Overall, the USPS said it had an adjusted loss of approximately $1.7 billion for the second quarter, essentially the same as it lost in the same quarter of 2021.
The adjusted loss excludes several items, such as discount rate changes, that the USPS says are outside of its control.
The Postal Service’s operating revenue for the quarter was just under $19.8 billion, compared to almost $18.9 billion in 2021.
Using generally accepted accounting principles, the Postal Service said it had a net loss of $639 million for the quarter, compared to $82 million in the same quarter of 2021.

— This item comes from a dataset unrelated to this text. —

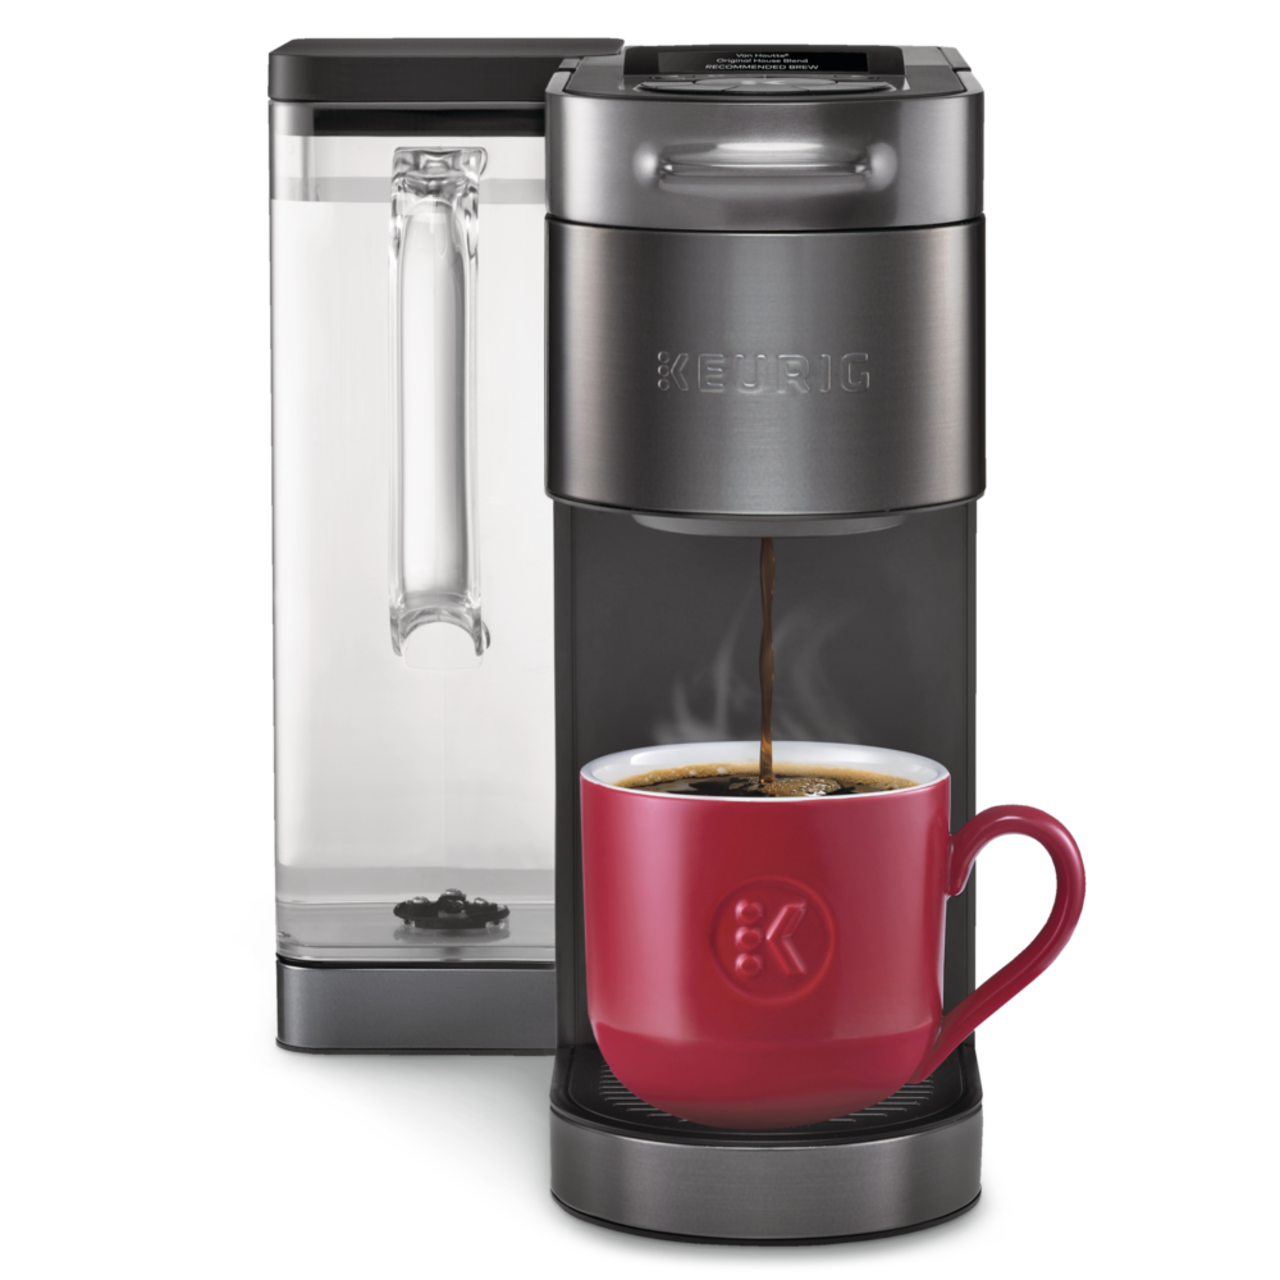 https://media-www.canadiantire.ca/product/living/kitchen/kitchen-appliances/0430787/keurig-k-supreme-plus-smart-d602563a-1b45-4ba5-8ff5-a35d29cf45eb.png?imdensity=1&imwidth=640&impolicy=mZoom

For the first half of the fiscal year, the USPS recorded a net loss of $2.2 billion, compared to a profit of $236 million in the first half of fiscal 2021.
Revenues for the first half of the year totaled $41.1 billion, compared to $40.4 billion in the previous year.
DeJoy decried the Postal Service’s previous pricing decisions, saying the agency had been “severely damaged by at least 10 years of a defective pricing model.”
That legacy “cannot be satisfied by one or two annual price increases — especially in this inflationary environment,” DeJoy said.
DeJoy also used the meeting to reinforce his plan to move cautiously on buying electric mail delivery trucks.
“We are confident we made the best decision for the Postal Service considering our delivery profile,” he said.
The postmaster general also pointed out that USPS is developing plans to “reinvent and modernize” its network of mail- processing centers and mail delivery units.
“We are ready for our long journey to make both the transactional and structural improvements required to finish what we set out to do … Deliver for America,” DeJoy said.
Several speakers at the meeting said the new Postal Service Reform Act of 2022 and DeJoy’s 10-year Delivering for America plan are moving the agency toward self-sufficiency.
Joseph Corbett, the Postal Service’s chief financial officer, warned that the USPS balance sheet “is still too weak.”
The USPS said it expected some financial gains from the new postal law would be included in the agency’s third-quarter results.